Does the transistors matter?

weaksauce

Regular
360 CPU - 165M
Xenos - 230 in core, about 100 in edram

Cell - 234M, with all the spu's or whatever it's supposed to have eight of.
RSX - 300+

And looking at how the eDram only manages to handle the HD resolution and AA, Xenos has about 70M less transistors to count with. The 360 CPU is short on some transistors too.

But does it matter, at all?
 
weaksauce said:
360 CPU - 165M
Xenos - 230 in core, about 100 in edram

Cell - 234M, with all the spu's or whatever it's supposed to have eight of.
RSX - 300+

And looking at how the eDram only manages to handle the HD resolution and AA, Xenos has about 70M less transistors to count with. The 360 CPU is short on some transistors too.

But does it matter, at all?

Some ppl will say it does, others say it does'nt. i personally think it does because there are less tranys for the logic
 
Theoretically yes, it matters. It's the transistors that do the work.
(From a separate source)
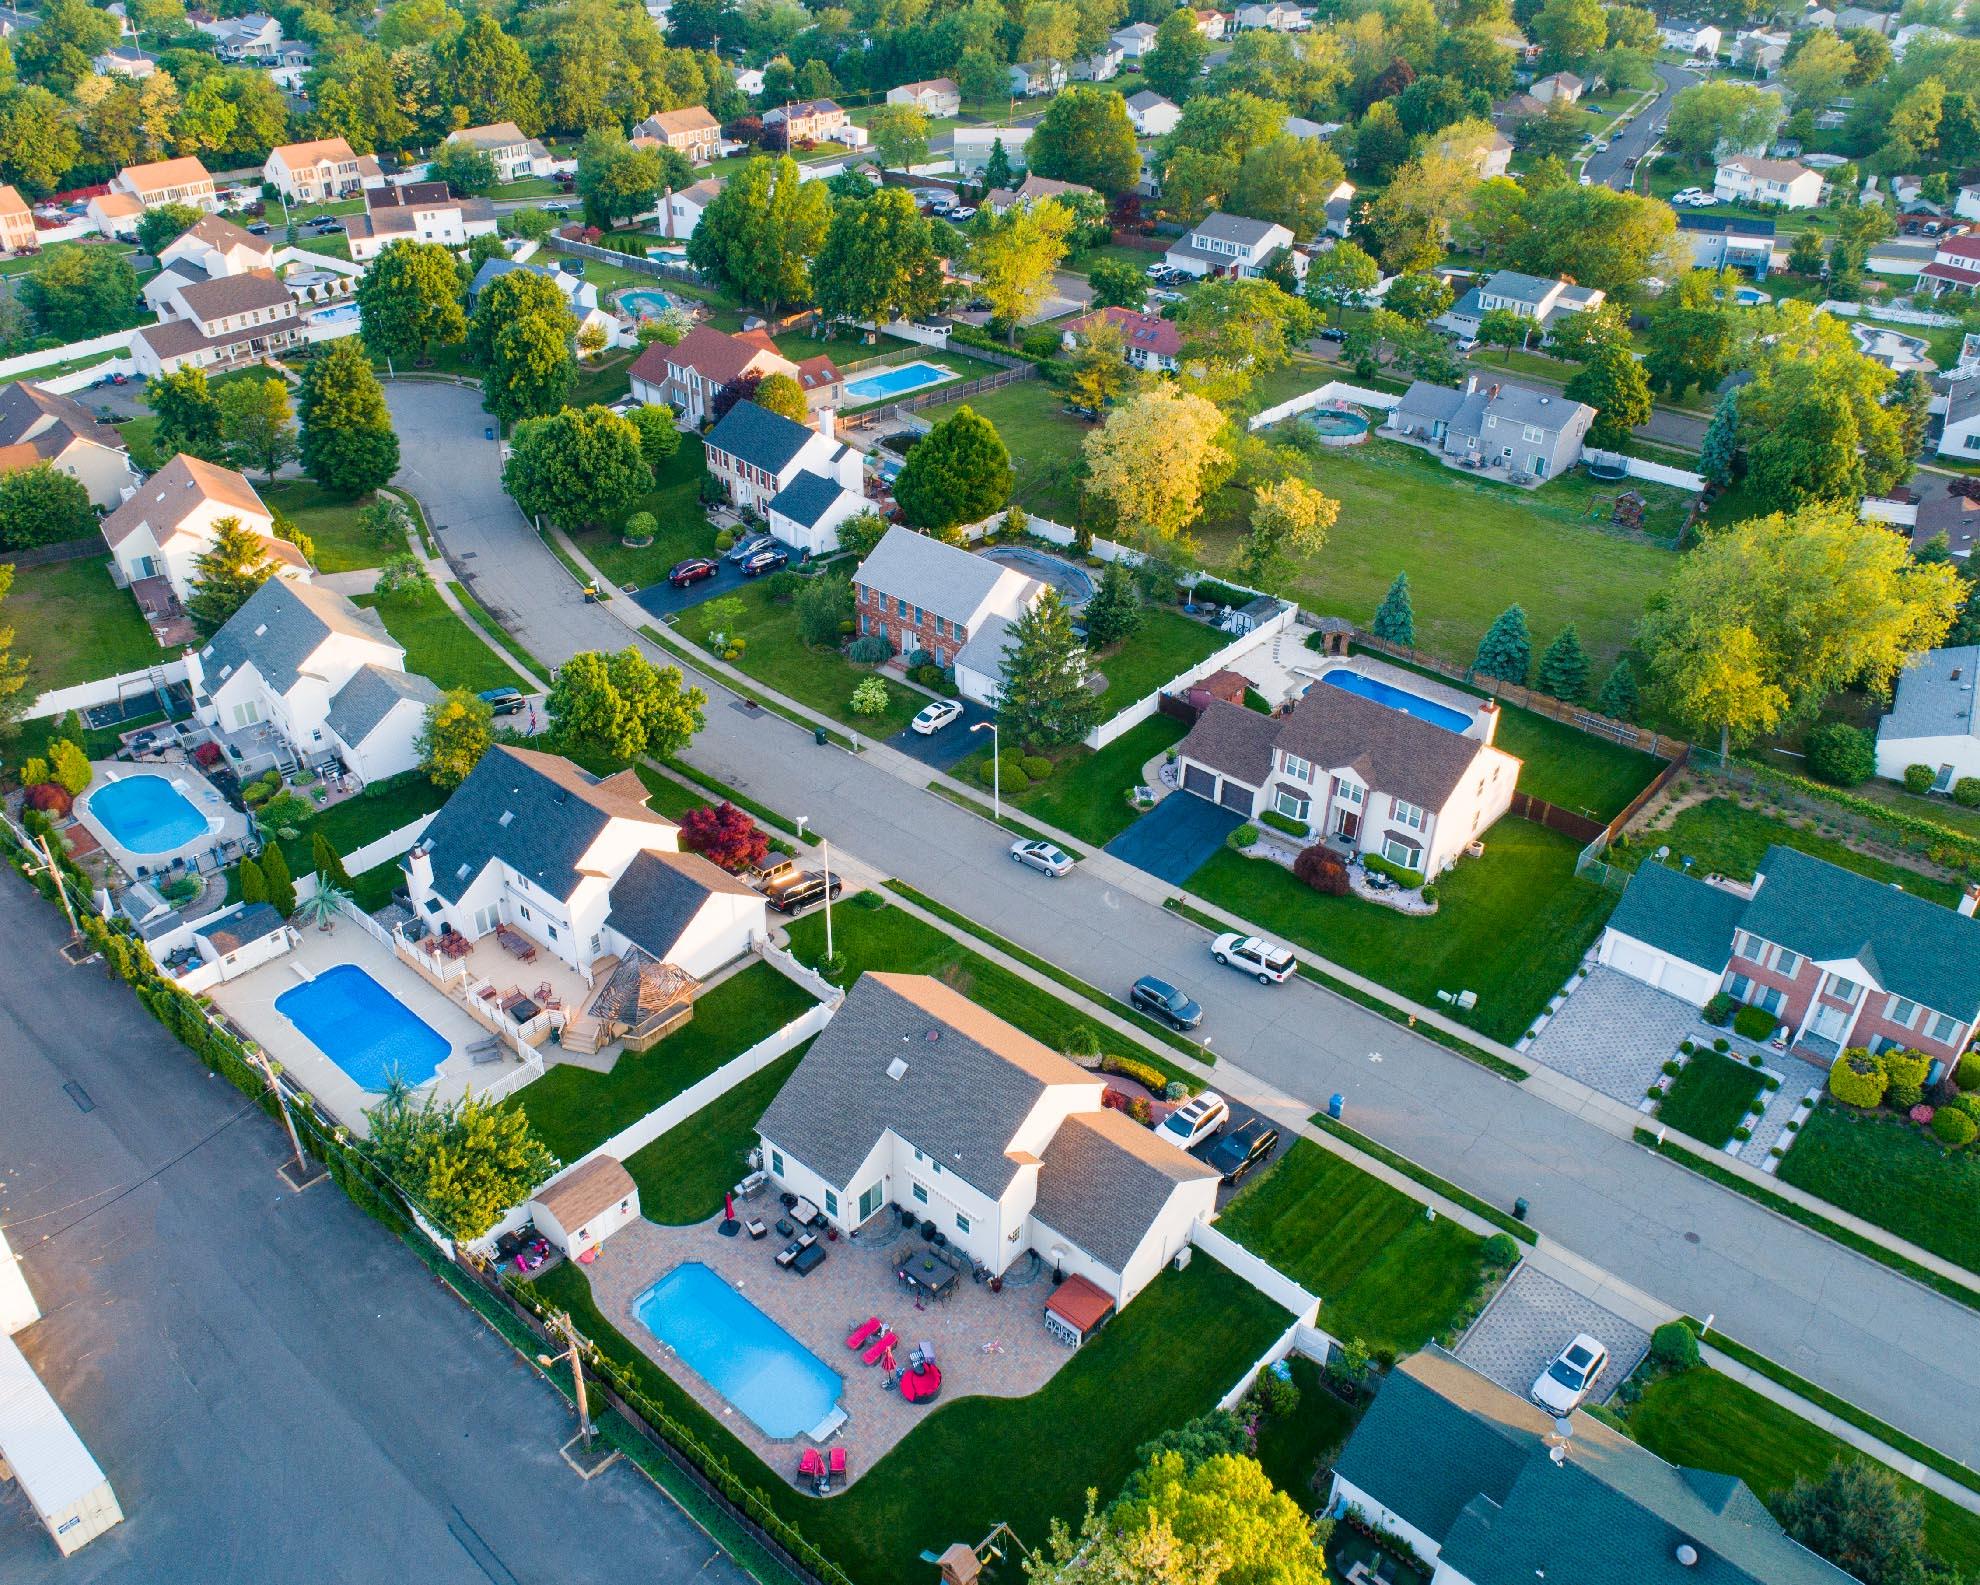 Drone Photograph of Hazlet NJ Neighborhood

All things being equal, and if the designs are equally intelligent, than more transistors has to equal better results. The only way more transistors doesn't provide a benefit is if they're not used as efficiently.

Due to the diversity of the machines it's yet to be seen whether in practical terms the machine with more transistors does a better job though. You should also include the eDRAM transistors in the GPU as valid because they're serving a purpose without which the logic would need to fulfil. Hence the difference in transistor counts between XB360 and PS3 is probably pretty much only the difference in counts between Cell and XeCPU.
 
Shifty Geezer said:
Theoretically yes, it matters. It's the transistors that do the work. All things being equal, and if the designs are equally intelligent, than more transistors has to equal better results. The only way more transistors doesn't provide a benefit is if they're not used as efficiently.

Due to the diversity of the machines it's yet to be seen whether in practical terms the machine with more transistors does a better job though. You should also include the eDRAM transistors in the GPU as valid because they're serving a purpose without which the logic would need to fulfil. Hence the difference in transistor counts between XB360 and PS3 is probably pretty much only the difference in counts between Cell and XeCPU.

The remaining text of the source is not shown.